Yep, comments are being mistaken as unrecognized spice data and thus the warnings. I added a filter for comments that just silently discards them.

Peter

@vanepp I created an issue for a code bug from this. If interested, see the details.

The sketch file, and embedded parts, over there are slightly different than here. I found a bug in the shield definition. The ICSP header bus definitions were missing. Getting this fixed may fix all, or only part of the bugs talked about earlier in this thread. As opposed to the working, but not quite as expected/desired. I need to expand my example shield part some more to test out using the headers to switch the LoRa ICSP connections, and getting the manually placed wire were desired instead of where the ratsnest defaults to. The work around of moving the part to get the right ratsnest line first may be all that is needed, but I am suspicious there may be another problem in there. Possibly covered by Fritzing not completely handling the bused connections across views, but maybe not.

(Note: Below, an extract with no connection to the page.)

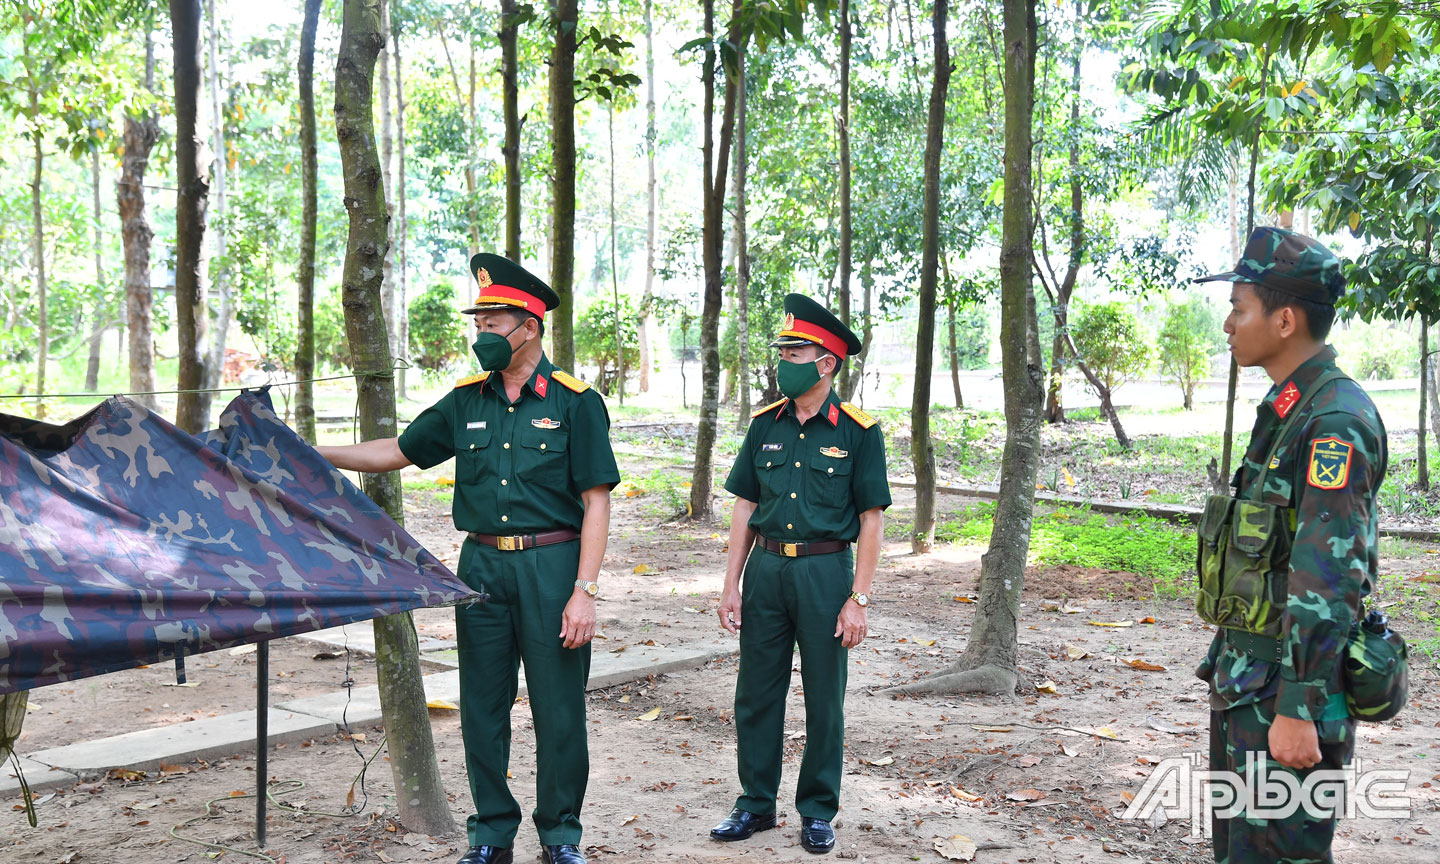 Đại tá Huỳnh Chiến Công, Phó Tham mưu trưởng Quân khu 9 kiểm tra huấn luyện kỹ thuật mắc tăng võng.

I also want to explore options for showing and using the jumper header pins in different views. Considering using internal connector pins in schematic view (inside the body of the part graphics, instead of at the outside edge). Those do not normally go anywhere except to another (physical) pin on the same part, so internal open/closed shorting jumper should work. If I can get a clean way to lay it out.

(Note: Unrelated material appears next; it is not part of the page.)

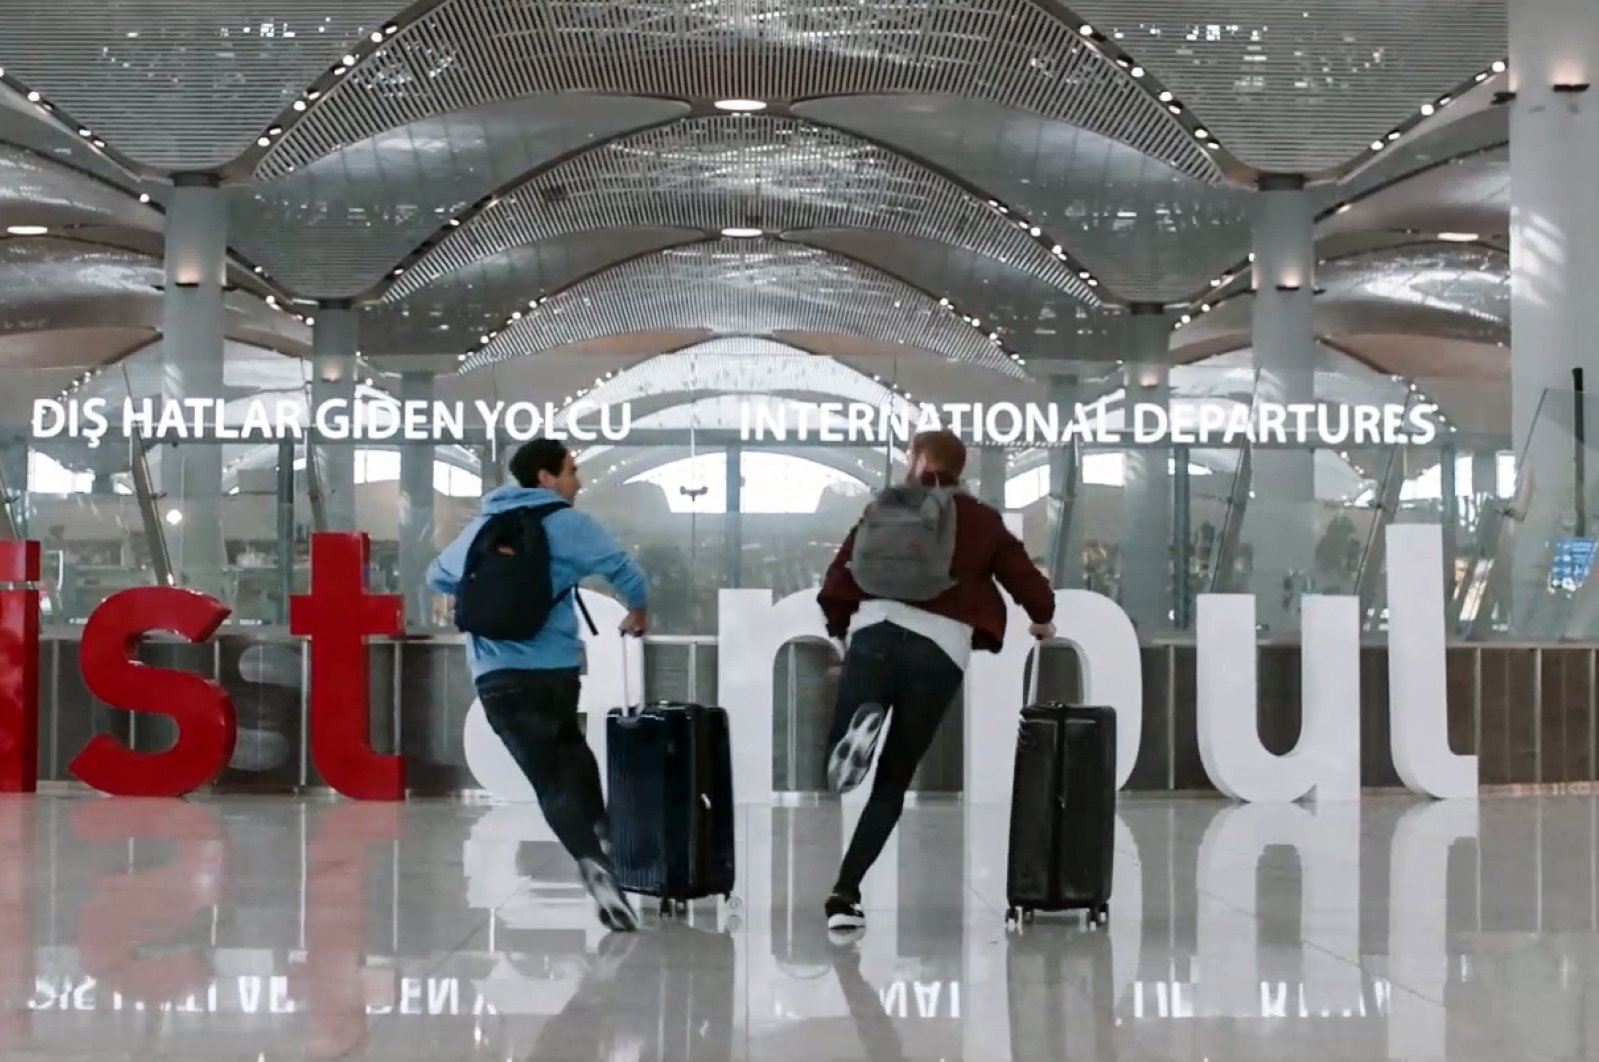 Türk Hava Yolları, dolandırıcı Zack King’in yer aldığı ilk reklam filmini gösterdi

The existing example should be enough to show what I was talking about earlier in the thread, about an alternate way to layout the schematic view of the parts, using the top and bottom location for power and ground, and only including pins for the shield where the shield electronics actually connects to them. Labels of unused pins (pin location) are optional, but since need to leave a gap anyway, to lineup with the ‘standard’ uno (or other board), I figured they might as well be included. Besides, I built a shield template part in the process of this, and all of the normal uno footprint pins are included in that. Easier to delete unneeded pieces than to add them back in each time.

I

Reading carefully what slack is telling me, I think you have all slack notifications turned off, so, unless you login there occasionally, you have not seen the messages I sent to you there.

That wasn’t intentional! I’ll log on and see if I can correct that :slight_smile: . That may explain why I haven’t seen any activity lately.

edit:

My connection is in such bad shape (around 1% packet loss 100ms - 2 sec ping response to first gateway) that the slack login won’t complete. I expect it times out due to the slow connection. So slack may need to wait for a new network connection …

Peter

I’ll have a look (Internet connection willing) and comment there. Thanks!

Peter

Here is a version of the example sketch with updated parts. I found a way to get the effect I wanted with bused connectors.

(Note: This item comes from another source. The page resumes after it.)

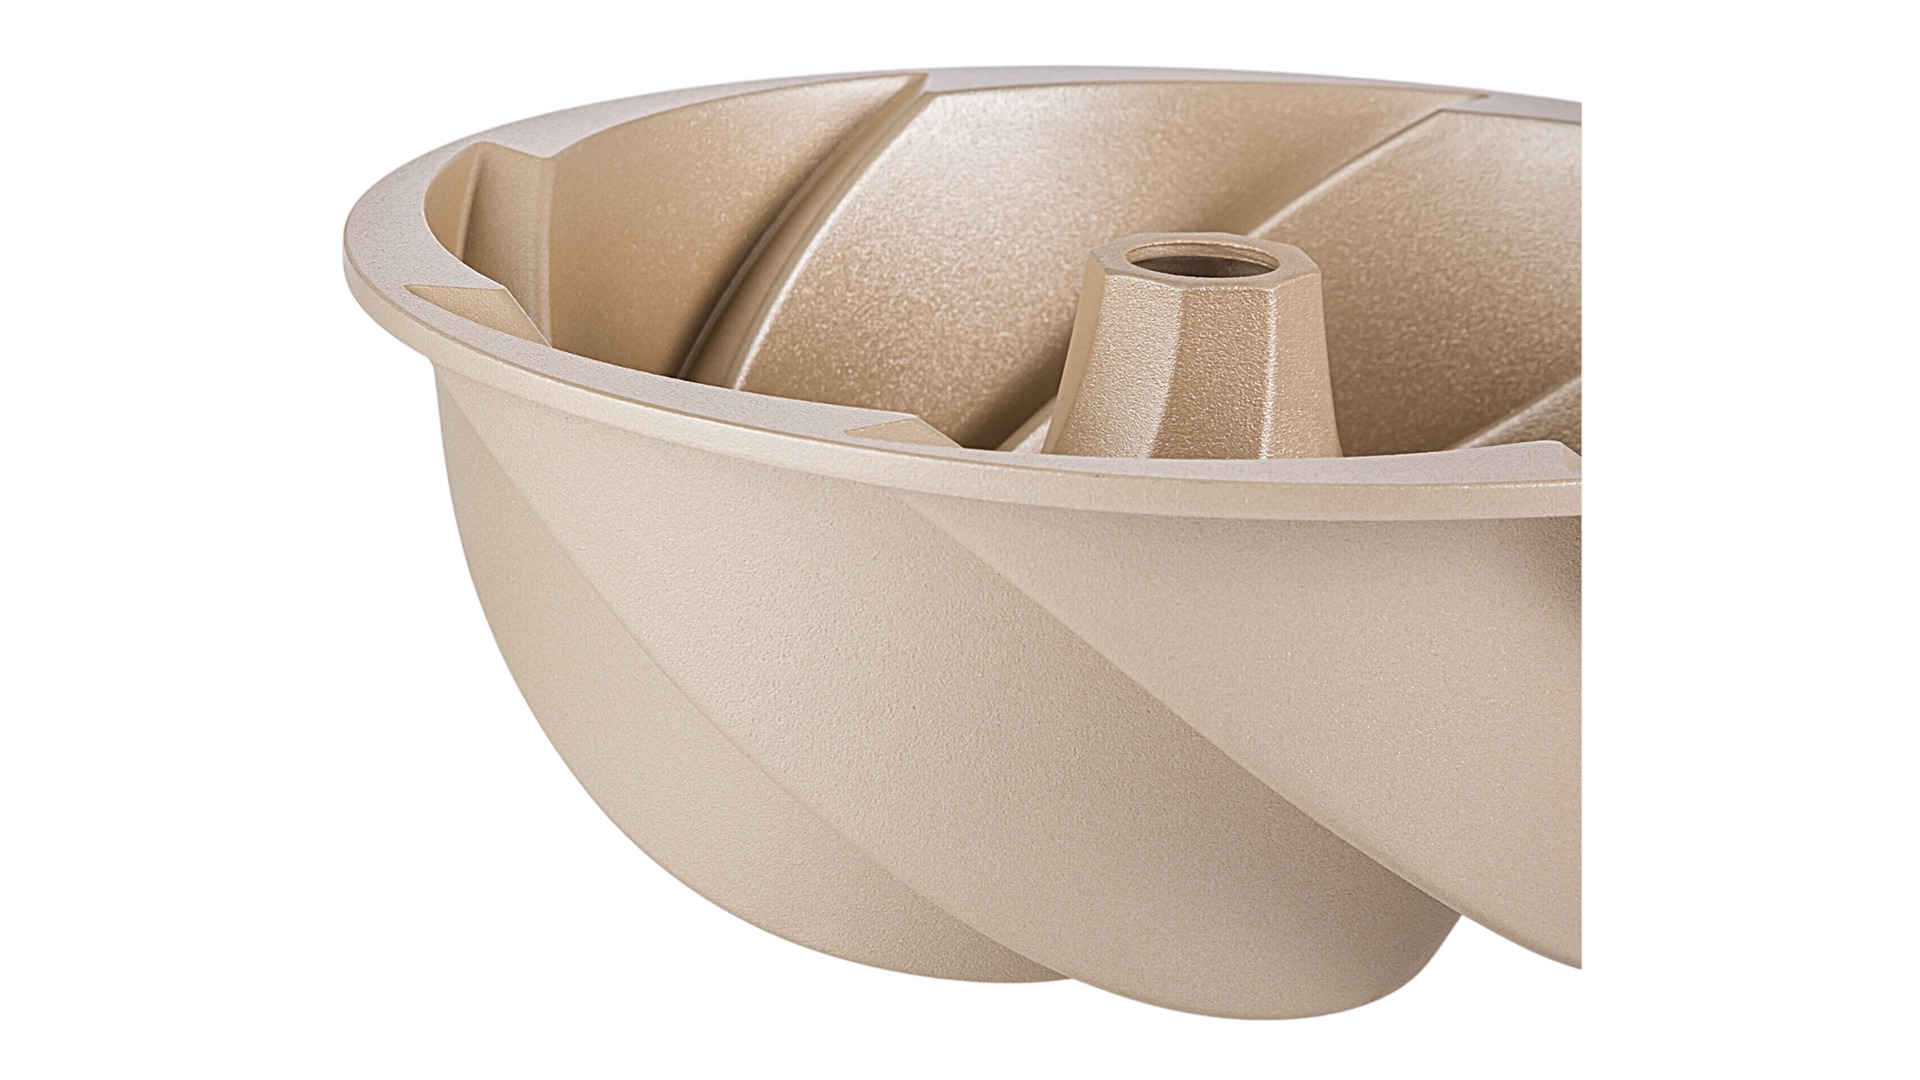 Форма для выпечки круглая WO HOME 3D Magic Baking 24х9 см, 1,5 л, алюминий, антипригарное покрытие

Still need to implement the configuration jumper headers the way I want for schematic, but making progress.

bus_connection_working.fzz (38.8 KB)


Here is what should be a fully functional version of the shield friendly uno and Dragiono LoRa parts. Bugs allowing. I did not fill in the shield breadboard graphics beyond what was useful for identifying the functional parts. The focus was on getting the schematic view layout into what (to me) was a more logical structure. Inputs to the shield (the Arduino pins) on the left, power and ground top and bottom, shield specific IO on the right. No duplication of bused connections, no connections on the shield for pins that are never used (directly) by the shield. After some iterations, I found a reasonably clean way of showing the shield configuration / settings jumpers internal to the main schematic symbol block. Both sketch and part files included, so you do not need to extract from the sketch. To get the schematic to work this way, with the LoRa ICSP as a output, I needed to duplicate (and bus) the connections for use with the internal configuration connections.

dragino lora shield.fzz (42.0 KB)
arduino_uno_for_shields.fzpz (27.5 KB)
dragino_lora_shield.fzpz (10.4 KB)

Here is an image of the schematic view with (just) enough real wires to get the rest of the ratsnest wires to go to reasonable locations.

Discussion open for this style of doing the layout.